Growing FREE Tomato Plants from Cuttings: Easiest Propagation Ever!
Have you ever purchased an intriguing variety of tomato plant from the nursery, only to get home and regret not buying two?
To make matters worse, you decide to go looking for more the next day, and find them all sold out?
Was it a seed you couldn’t find through tomato seed traders?
As long as you’re dealing with an indeterminate variety, you’ve no reason to fret; that one, lone tomato plant can become dozens, in less than a month!
Does the phrase “free plants” have your attention yet?
How to Take a Cutting from a Tomato Plant
Before you can root a tomato plant branch, you’ll have to be able to distinguish between the main tomato vine, the branches, and the suckers. The main vine is very easy to identify, as all of the branches and suckers will grow from the main vine. Branches will grow at roughly a 90 degree angle; however, an emerging (and widening) sucker can cause the branch to angle downwards.
What Is a Tomato Sucker?
Suckers grow from the point at which a branch meets the main vine; this is an entirely new plant, and it will continue to grow, flower, and produce its very own suckers.
This is why suckers are traditionally pruned from tomato vines. The tomato vine, as a whole, will grow out of control, swallow its trellis (and every plant within a 10 ft radius), and it will lose production as the plant struggles to maintain itself.
Thus, if you’re going to prune the suckers anyways, you might as well root them and grow new plants… right?
Cutting the Sucker
Once your plant has started to grow suckers, carefully cut them from the joint (where the branch and main vine meet). Take a knife, and cut parallel to the branch; once you hit the main vine, remove the knife, and cut downwards parallel to the main vine. Do not cut through the main vine, or through the branch. By cutting in this way, you’re essentially cutting a wedge. The cut end of the sucker will look like a scion.
Remove any blossoms and immature fruit; you don’t want these to slow the sucker down while it roots, or while it establishes itself in the garden shortly after.
Rooting and Caring for the Sucker
Once you have the suckers cut from the main plant and all blossoms/fruit are removed, it’s time to root them.
Grab a glass of water, toss your cuttings in, and place them on your kitchen counter. That’s it! You’re done! All you have to do is dump the water and add fresh water every 24 to 48 hours. Easy peasy!

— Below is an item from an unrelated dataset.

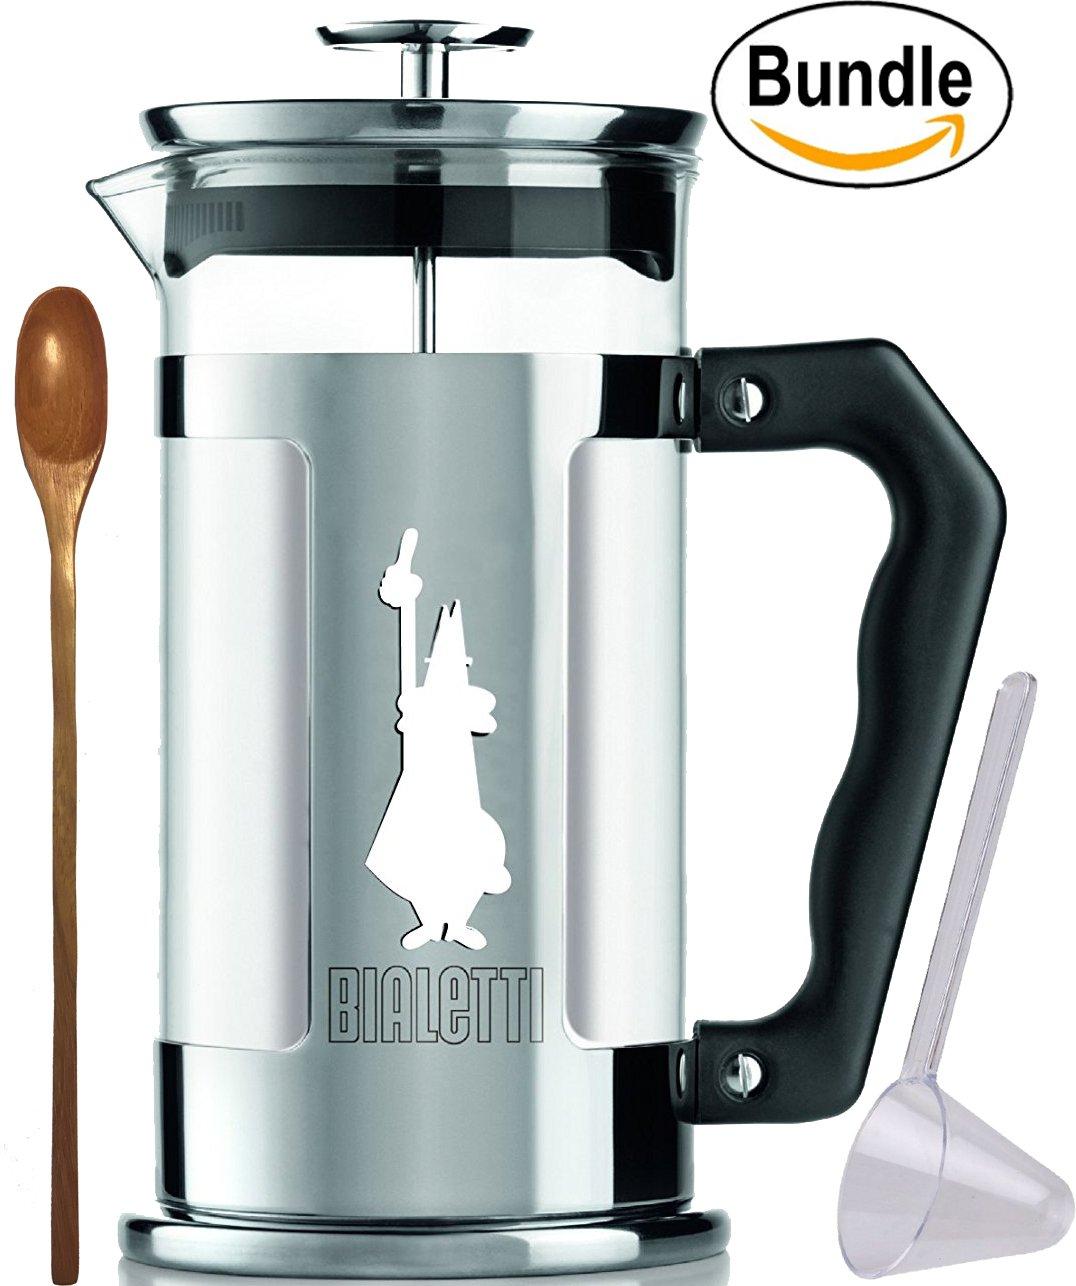 Bialetti 06852 Preziosa 8 Cup / 33oz French Press Coffee Maker, Stainless Steel, Silver & Zonoz Wooden Stirring Spoon (Bundle)

Within a few days, you’ll see roots emerging; within a week, your cuttings should be ready to transplant into soil. You’re looking for roots that are 2″ to 3″ long, with shorter roots being acceptable for smaller plants (under 12″). Since you’ll be burying 2/3 of the plant anyways, you can rest assured that these small roots will be able to care for the plants. Concern begins when the plants have too much foliage, which drastically increases their need for water.
Transplanting Your Brand New, Free Tomato Plants
Now that you’ve taken a couple of cuttings and they’ve rooted successfully, you’ll want to pot them up into small temporary pots; they will only be in these pots for 4 or 5 days, just long enough to introduce them to full sunlight. 3″ pots are sufficient, as are 16 oz drinking cups. Add rich compost, place your plants in the pots, and tuck them in well with additional compost.
Hardening Off Tender Young Cuttings in the Sunlight
Over the course of 4 or 5 days, harden them off in the sunlight. Start by placing them in the shade, where they can receive early morning or late afternoon light. The following day, move them further towards the edge of the shade, so they can get up to 3 hours of light. On day 3, allow them 6 hours of light. You could leave them here for the 4th day, for another 6 hours. By day 5, only shade them for worst three hours of the day. After this, they should be acclimated to the sun’s light. Hardening off is very important though, so please don’t skip this step! It’s vital to your plants’ health and survival.
Planting the Tomato Sucker Cuttings in Your Garden
Once they’re hardened off, plant them in your garden (sinking 2/3 of the plant into the dirt) with your chosen amendments. Water the plants in well very gently, and try to avoid watering them for 4 or 5 days if possible (for those of us with clay soils, that retain water easily). This will help to prevent possible fungal or bacterial infections as the plants adapt to their new space; they’re especially sensitive at this time, and they won’t be able to fight a potential infection off. Apply a pesticide at the time of planting if you have a horn worm infestation that might devastate the tender tiny plants (there are many organic options out there!)